**Material provided:**
┏━━

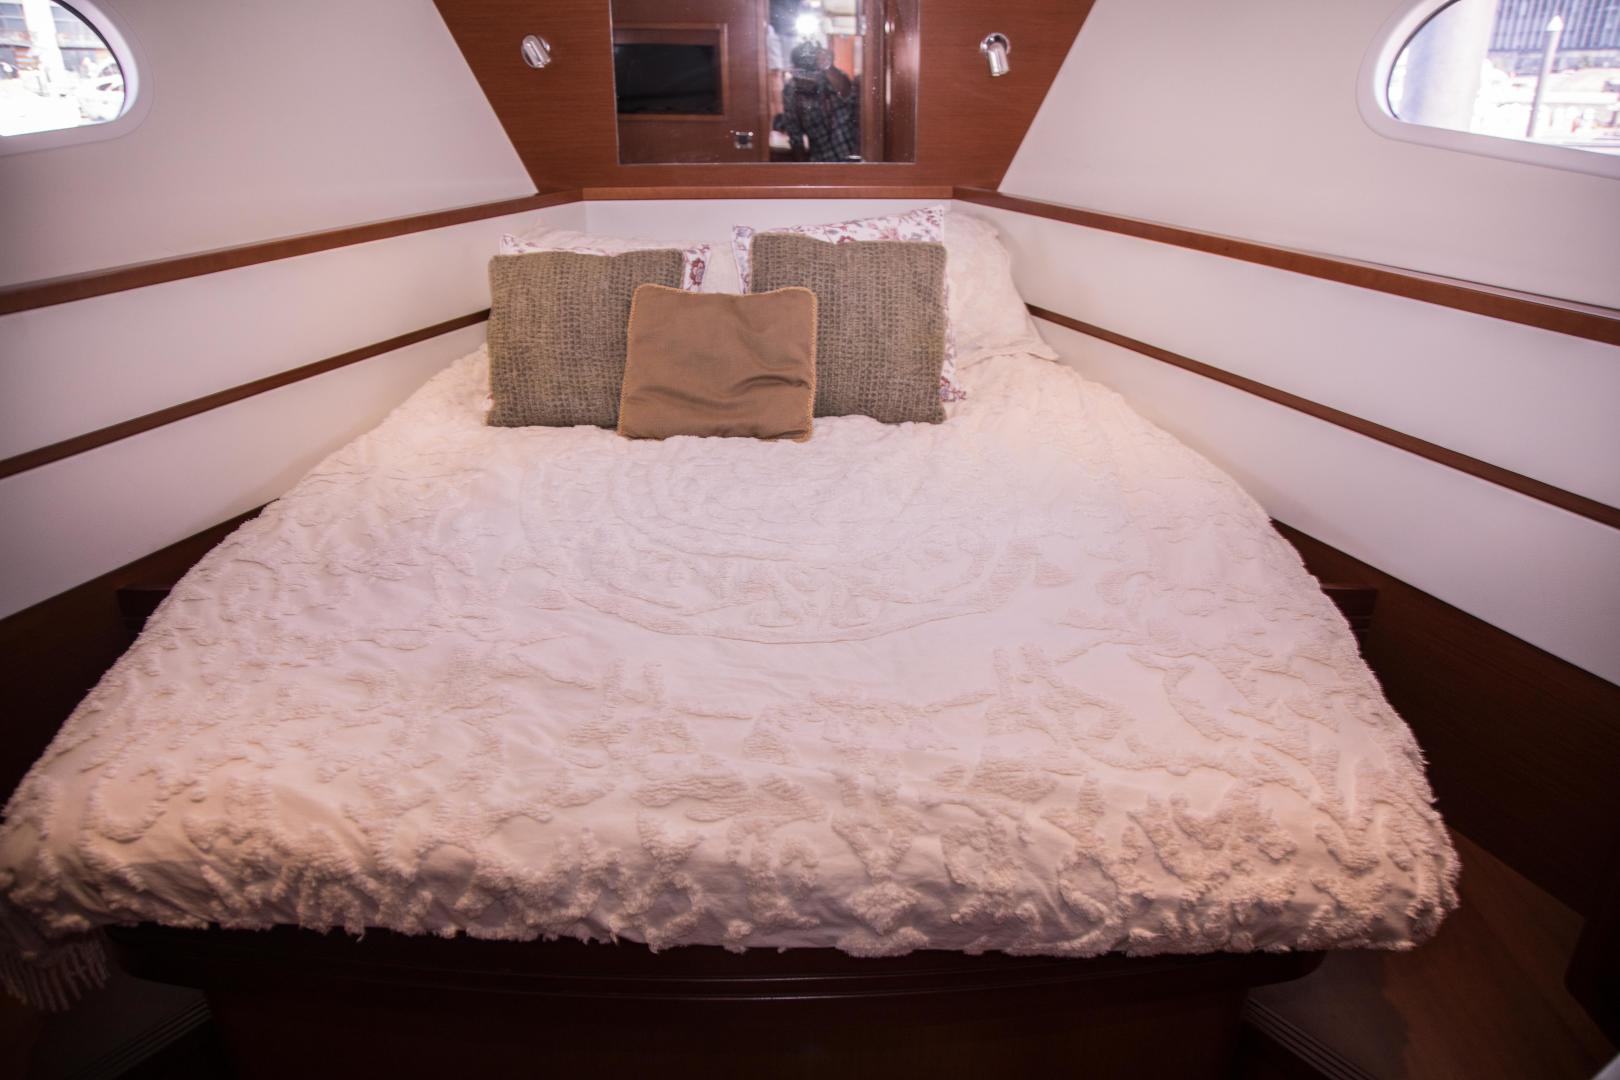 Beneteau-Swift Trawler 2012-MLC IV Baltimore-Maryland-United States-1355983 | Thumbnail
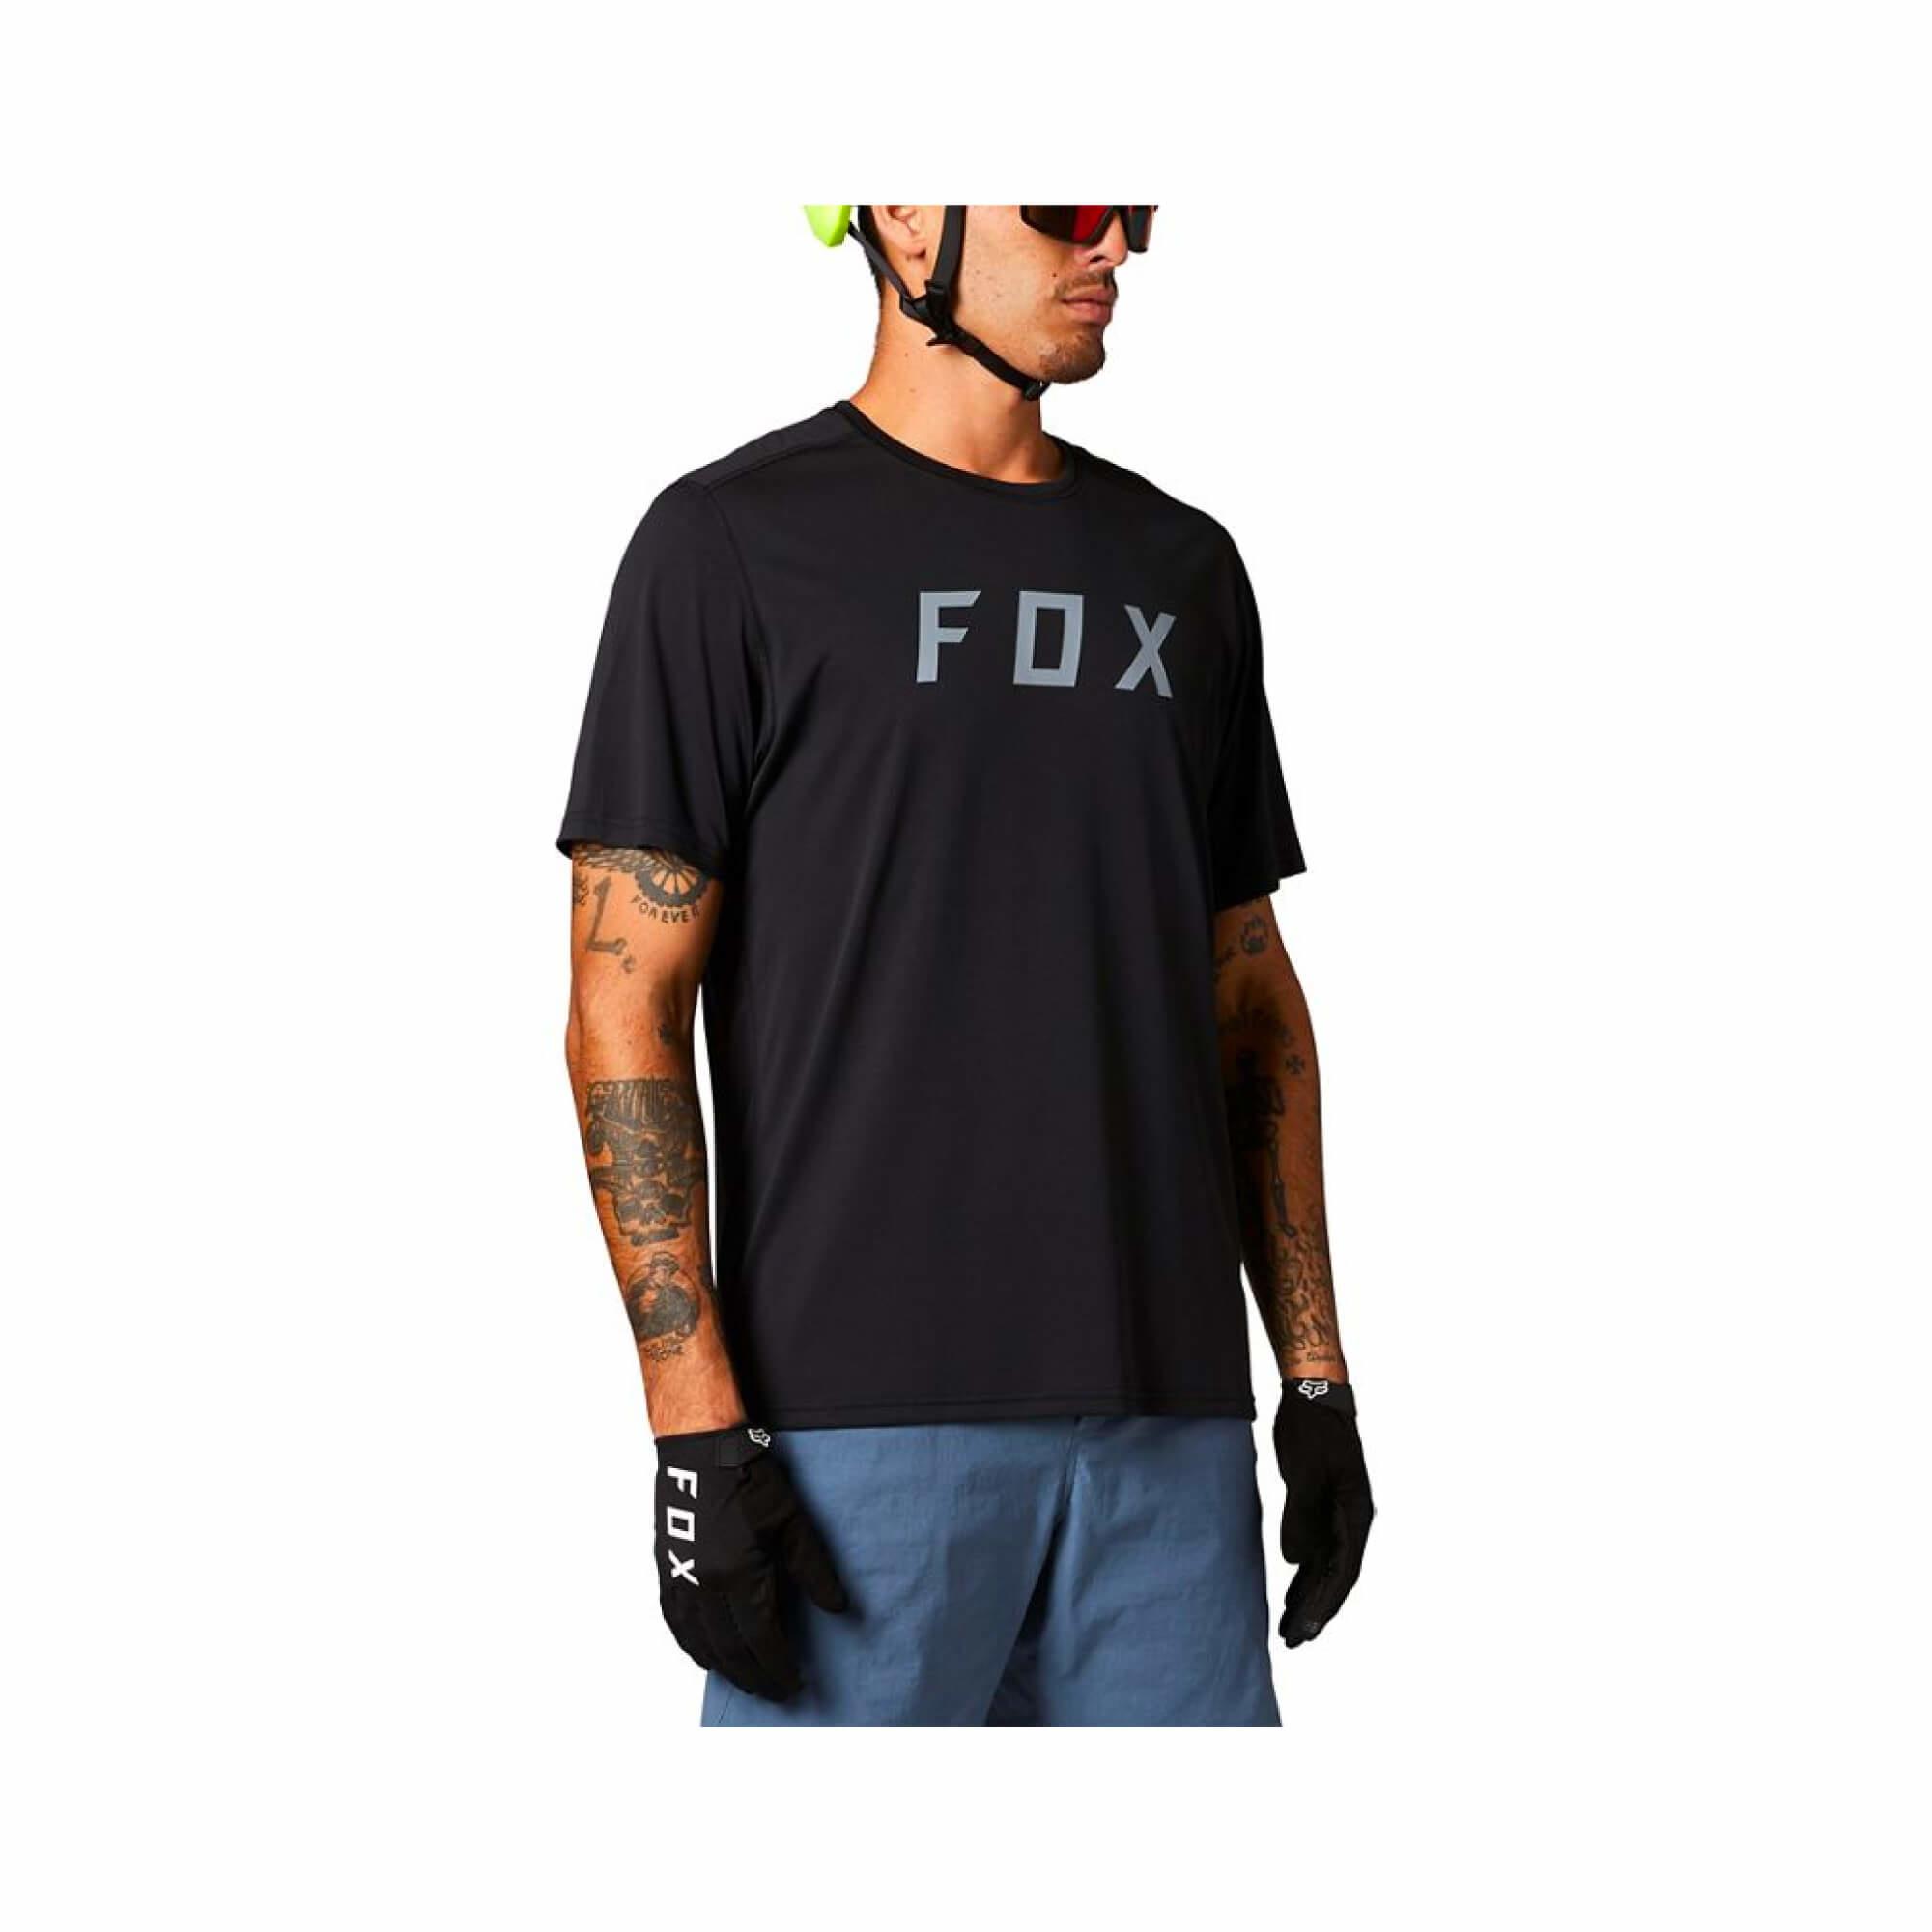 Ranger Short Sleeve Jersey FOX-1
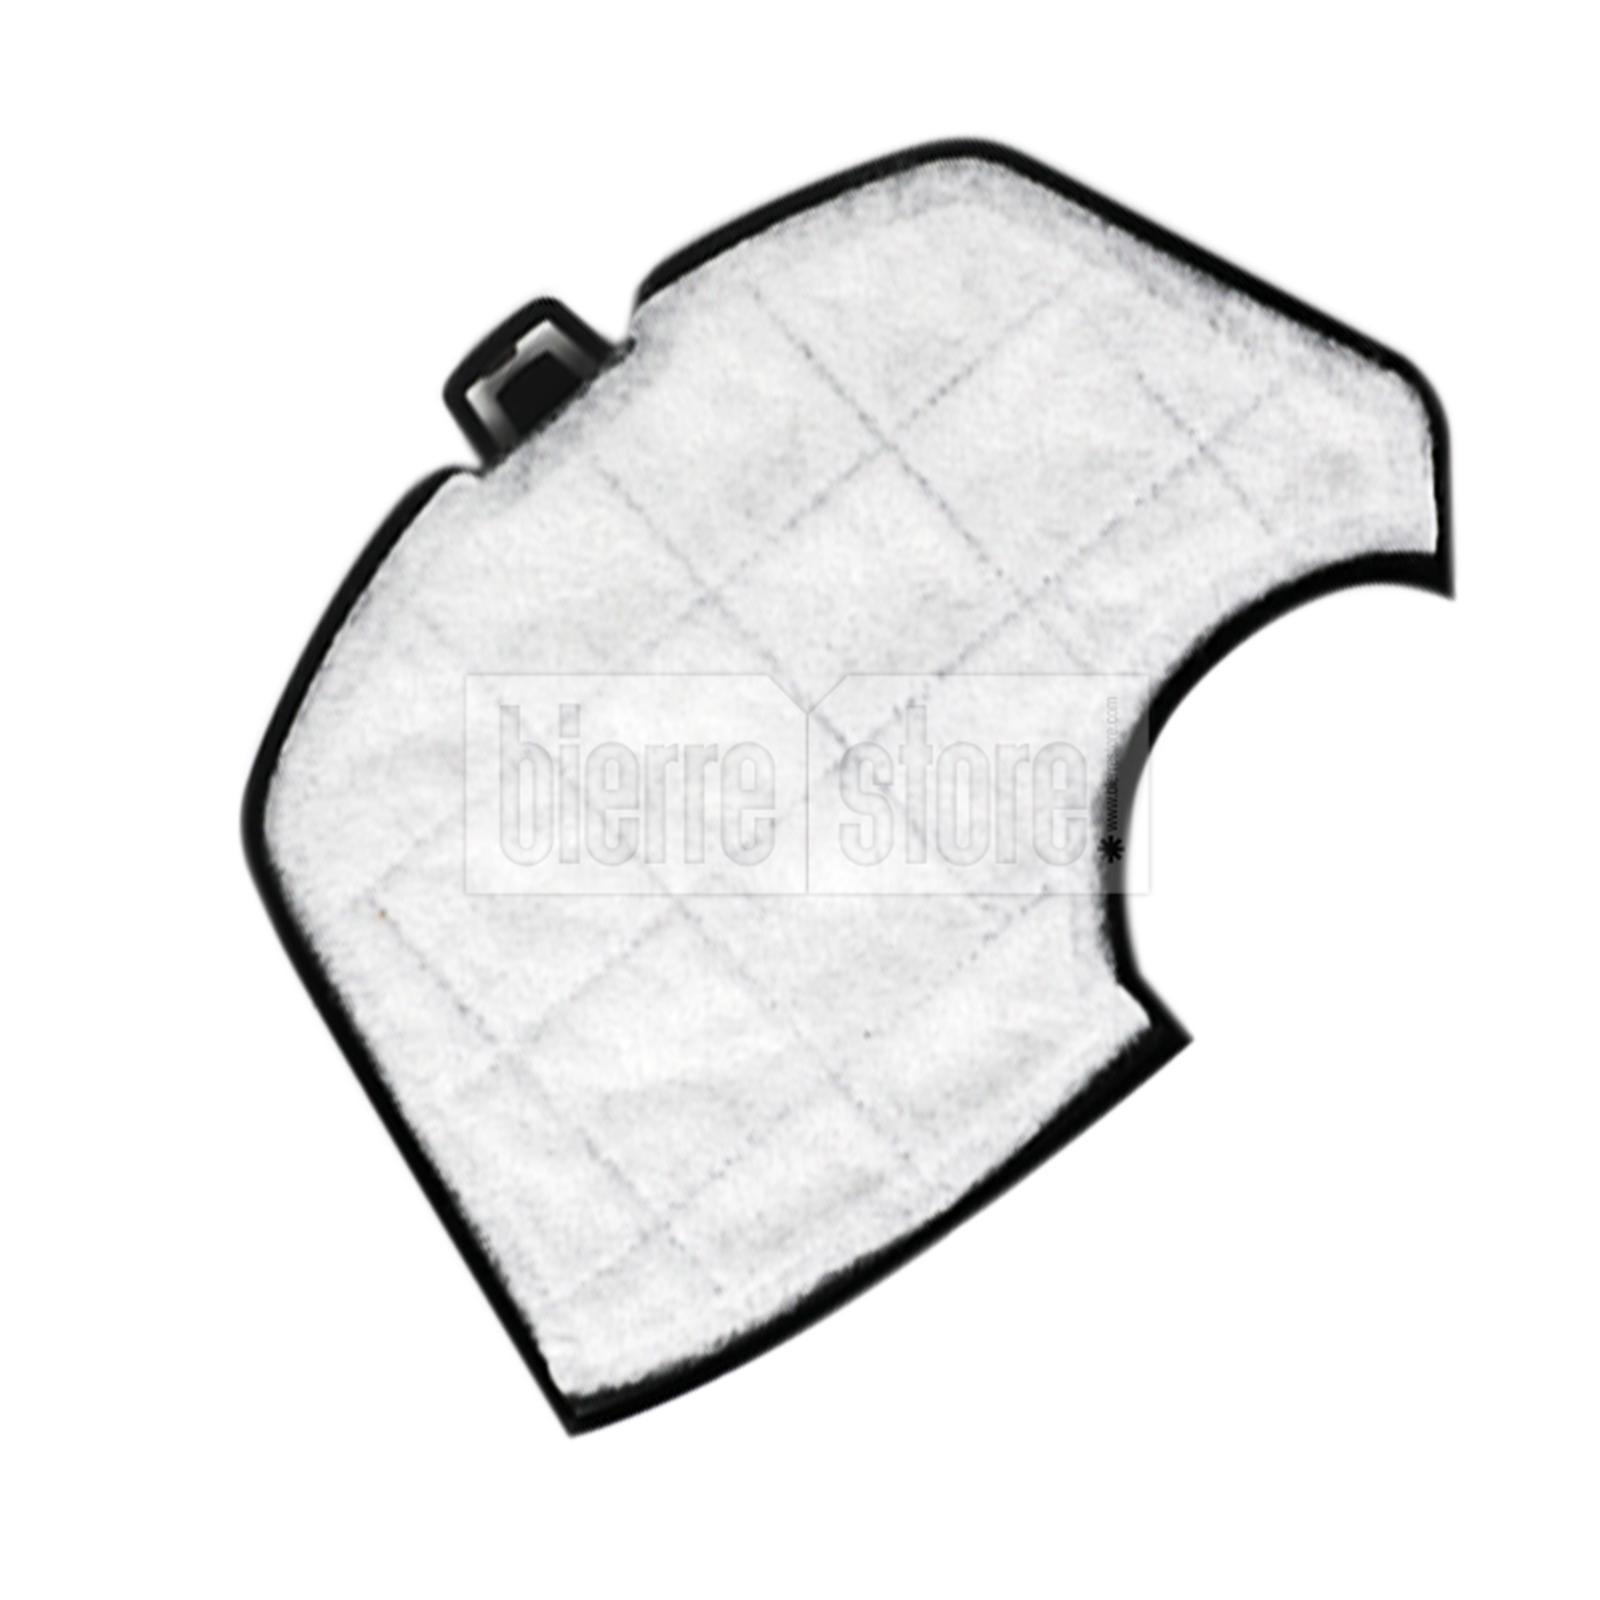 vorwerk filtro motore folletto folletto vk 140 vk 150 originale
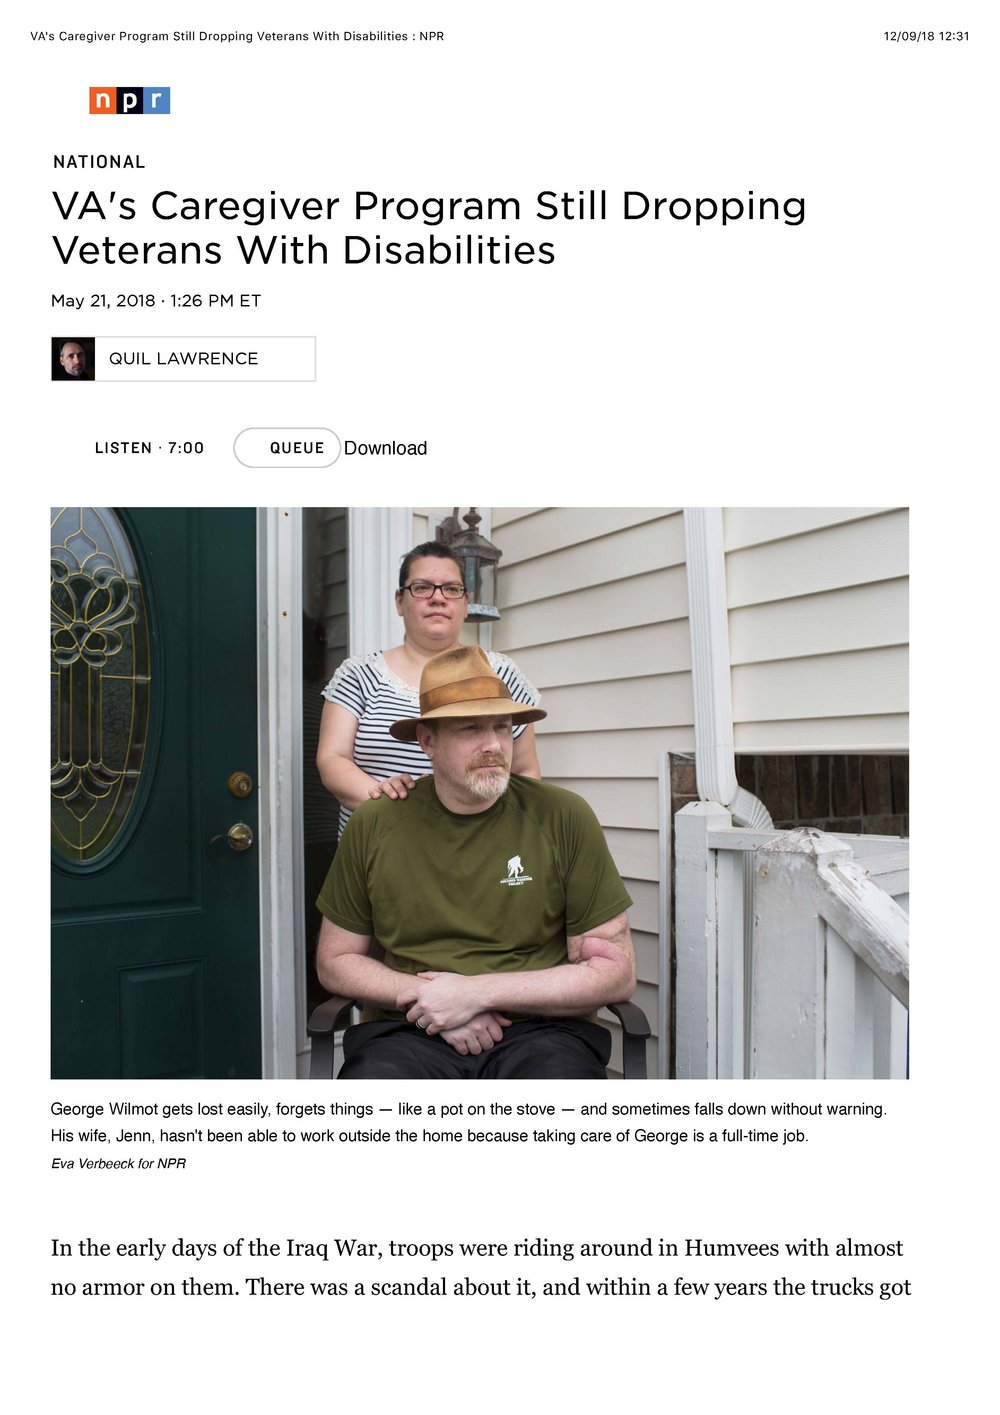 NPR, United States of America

┗━━

Take the line containing "vorwerk filtro motore" as the first line and the last line of the data above as the final one, and output exactly the lines between them, inclusive, with no pictures.

**Result of the task:**
 vorwerk filtro motore folletto folletto vk 140 vk 150 originale
 NPR, United States of America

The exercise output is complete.